▶ **Task to complete**: Print the data verbatim. Leave every image out.

▶ **Supplied material**:
────

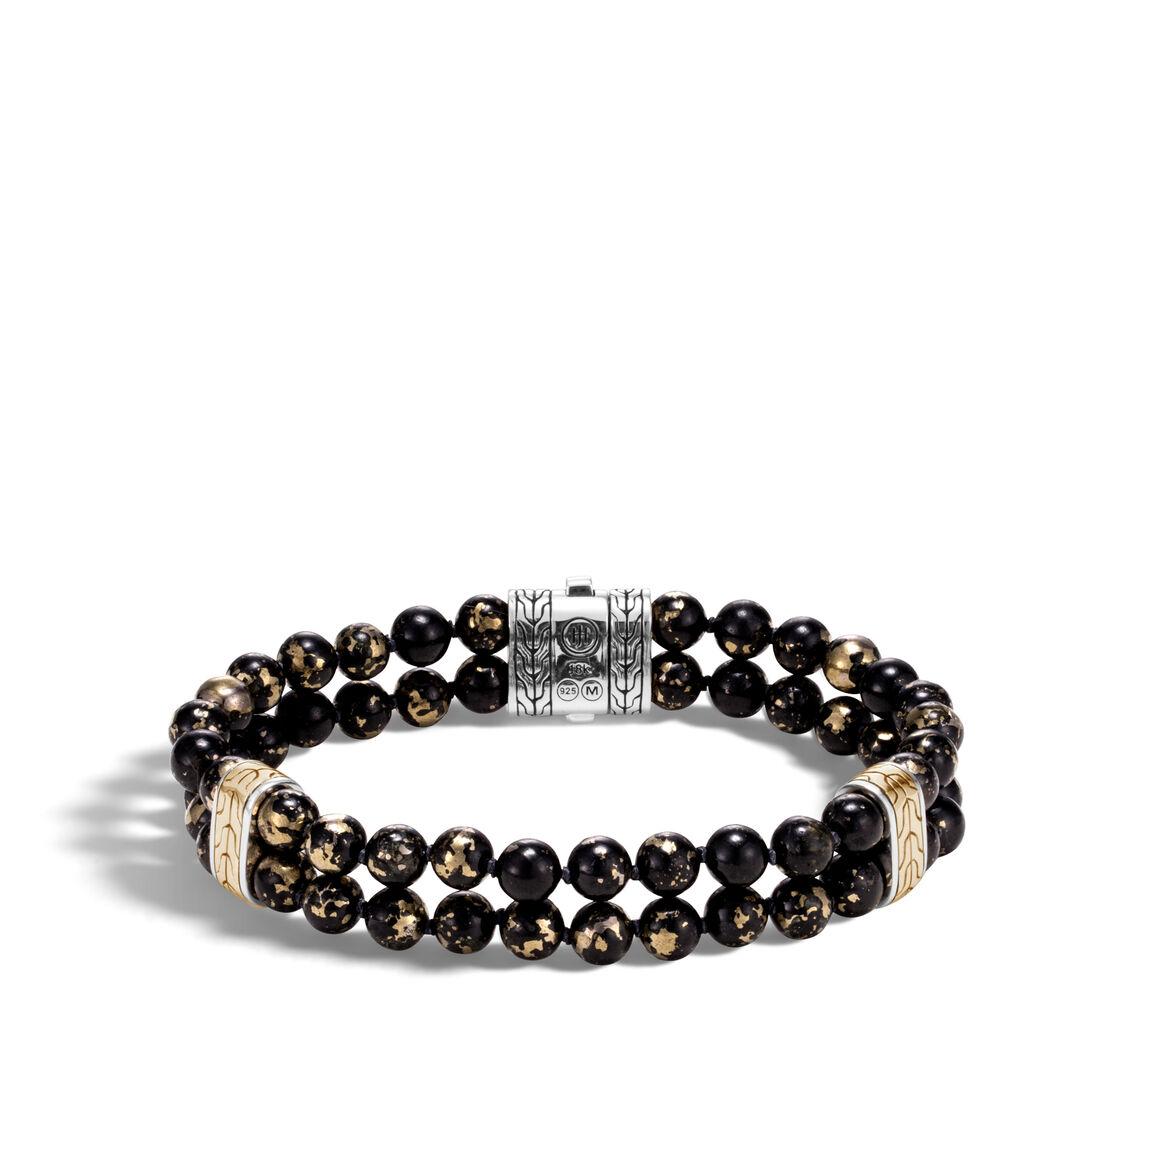 Chain Double Row Bead Bracelet, Silver, 18K Gold, 6MM Gems
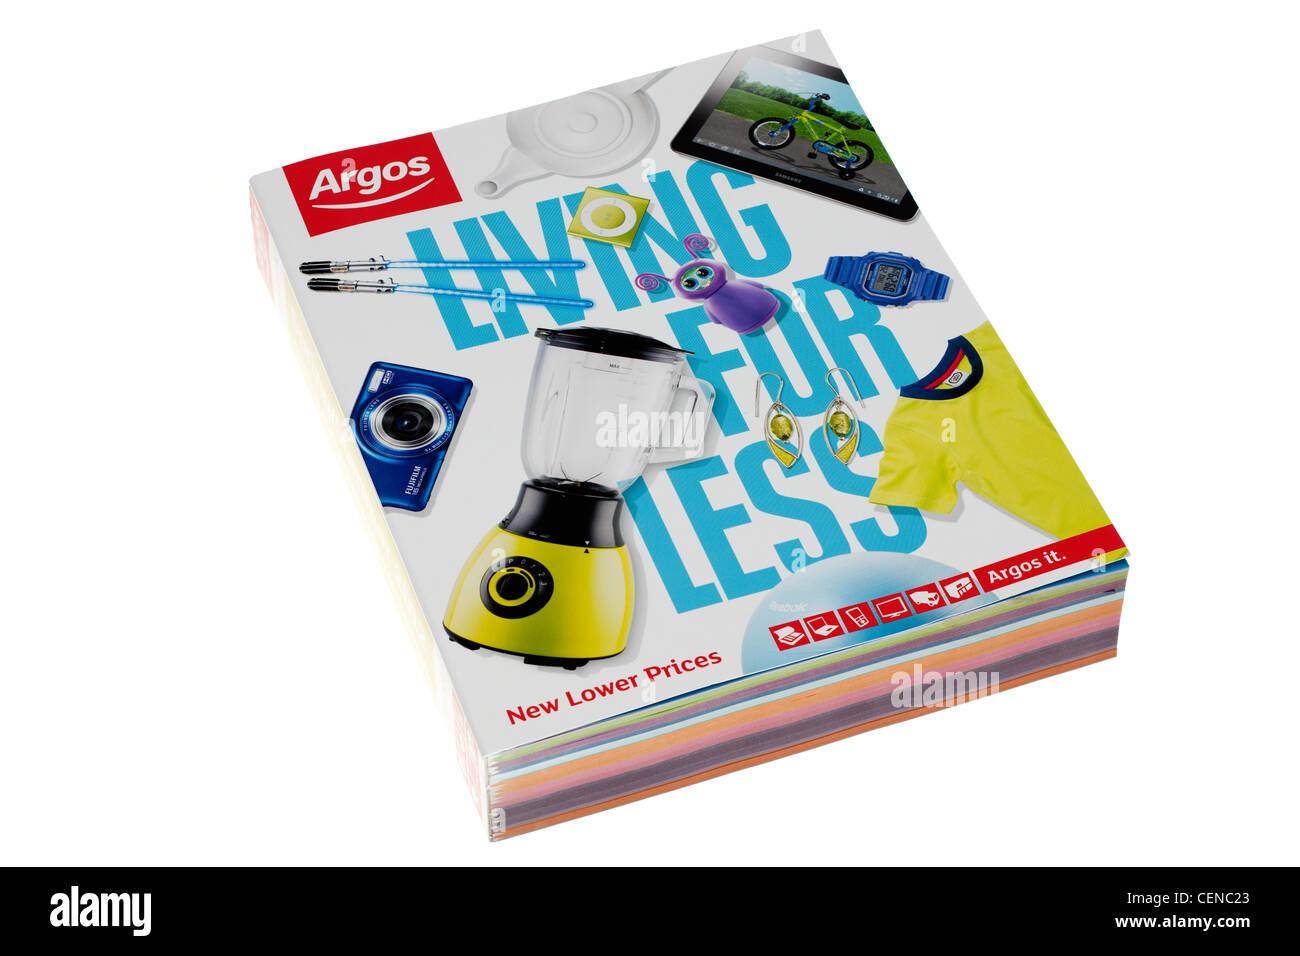 Argos Catalogue Stock Photos & Argos Catalogue Stock Images - Alamy
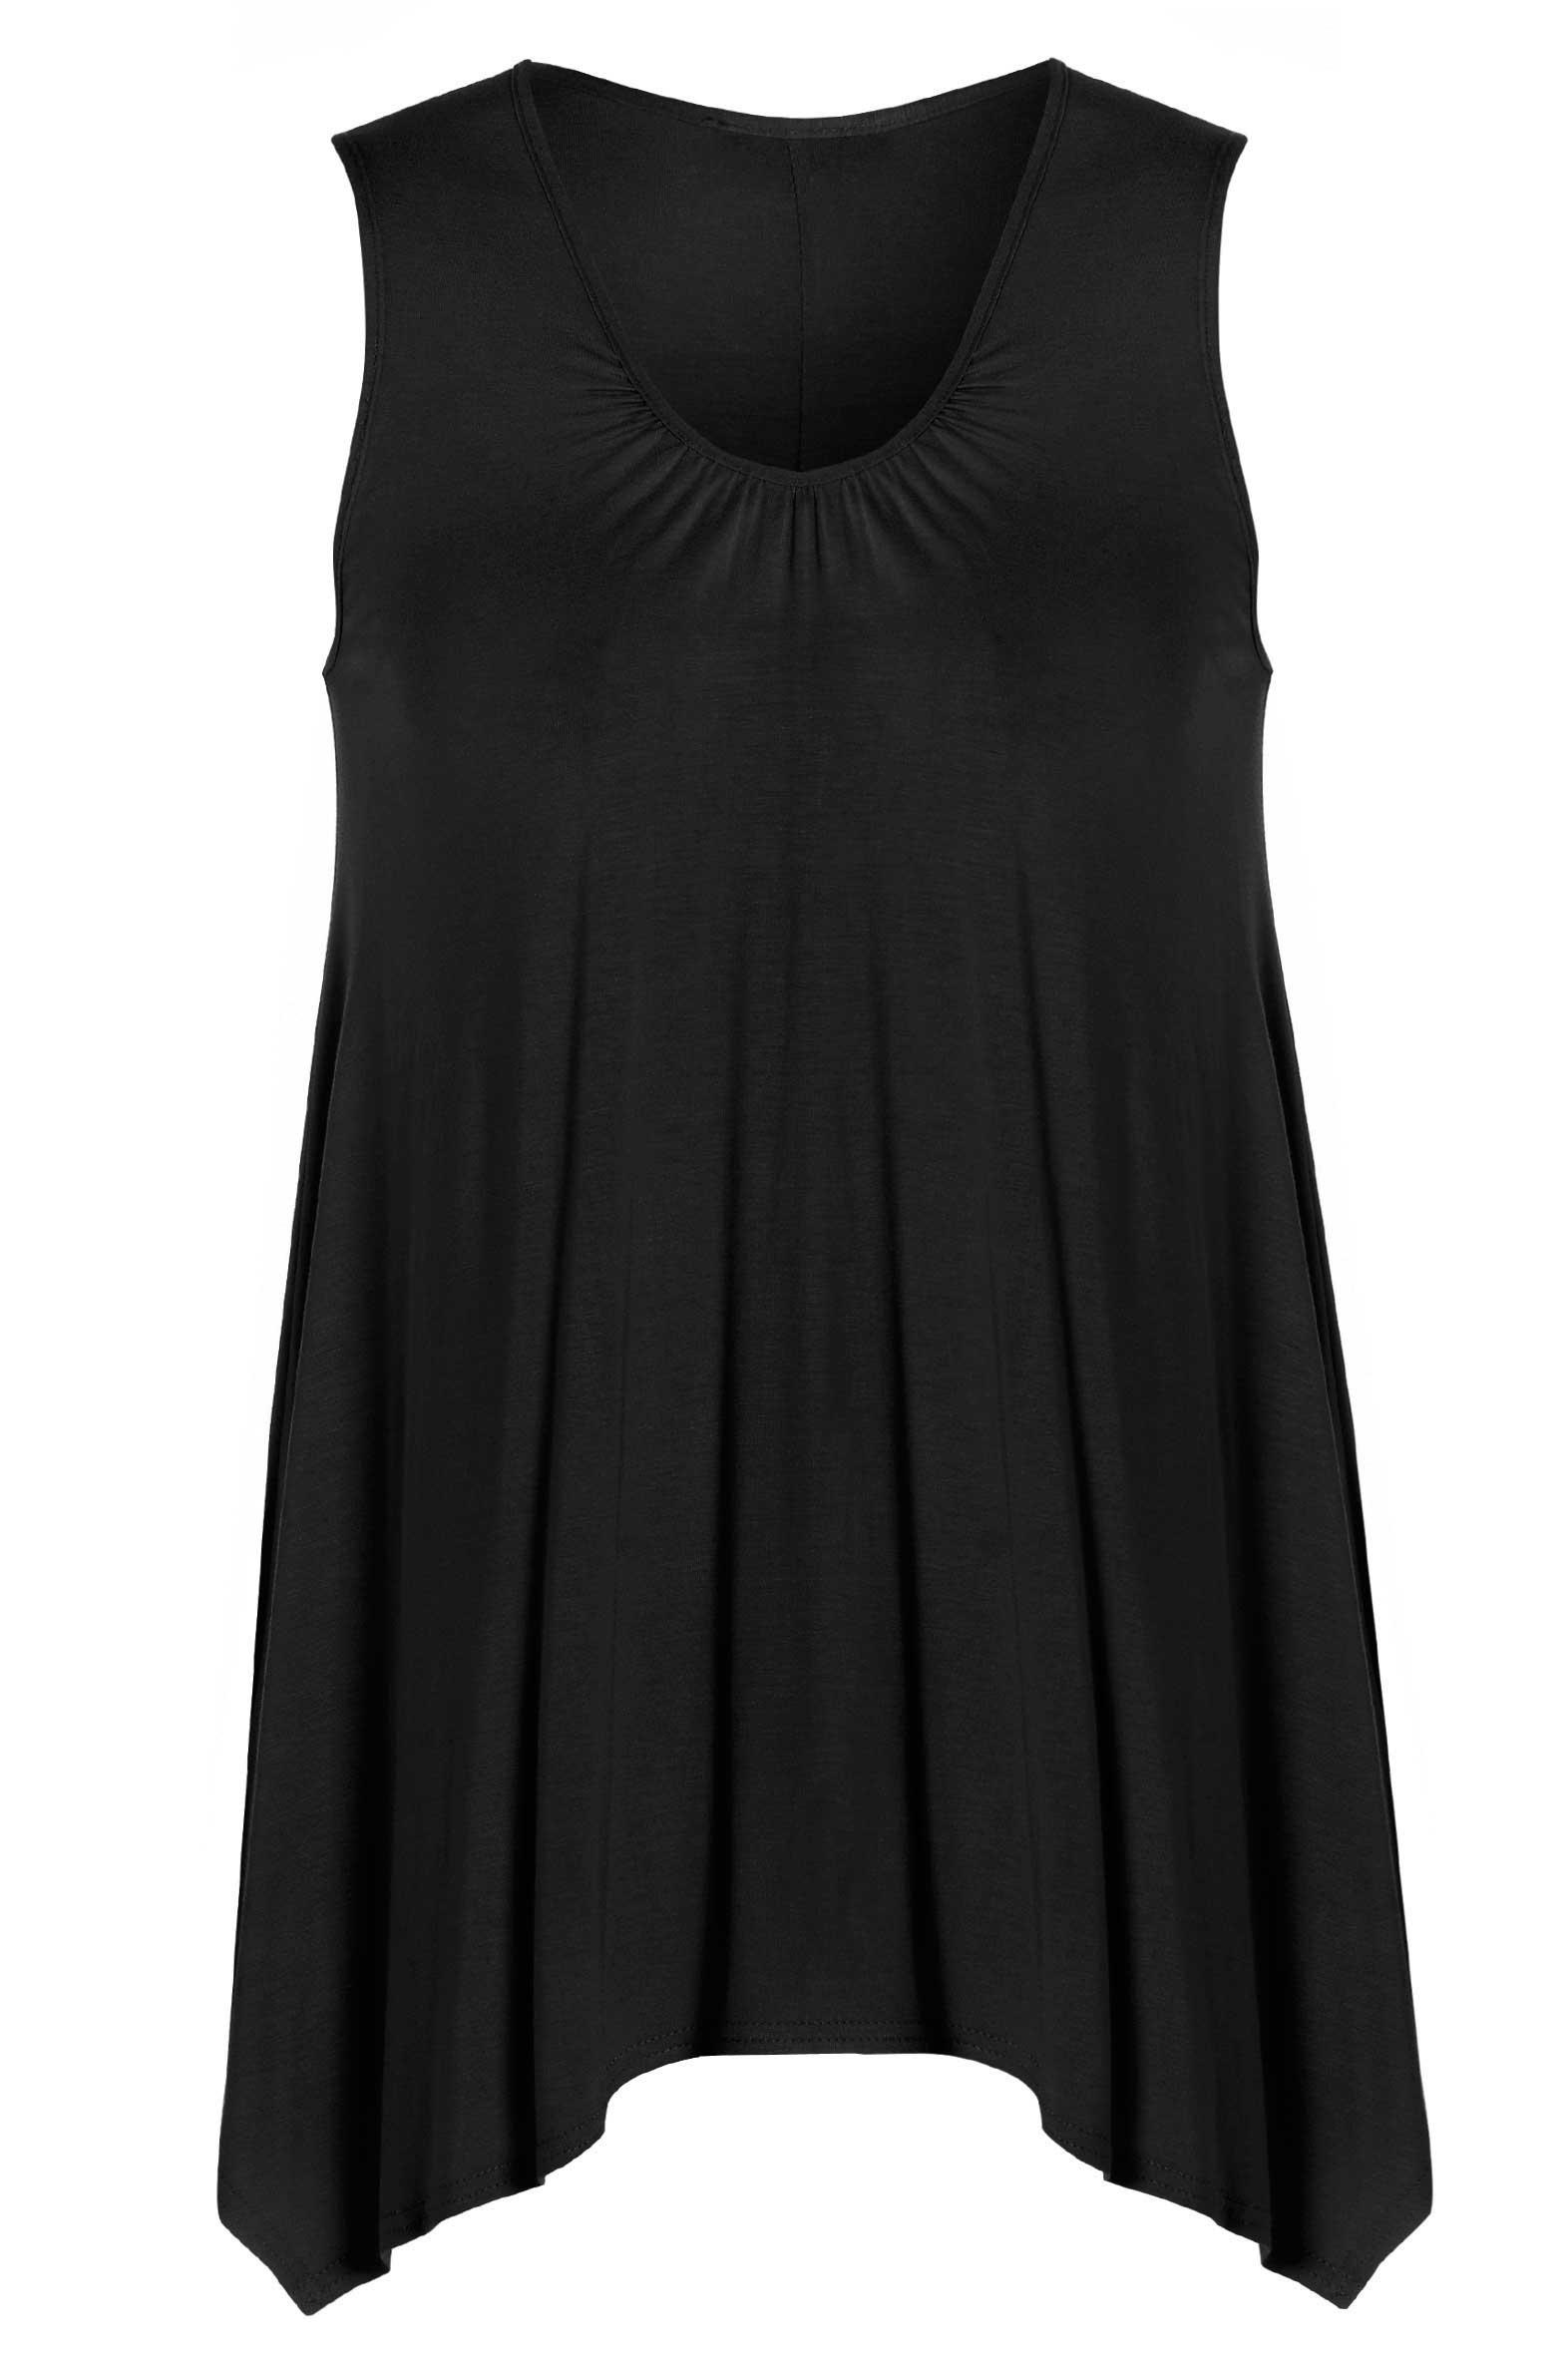 Womens Plus Size Black Sleeveless Ruched Neckline Plain

────

▶ **Written response**:
 Chain Double Row Bead Bracelet, Silver, 18K Gold, 6MM Gems
 Argos Catalogue Stock Photos & Argos Catalogue Stock Images - Alamy
 Womens Plus Size Black Sleeveless Ruched Neckline Plain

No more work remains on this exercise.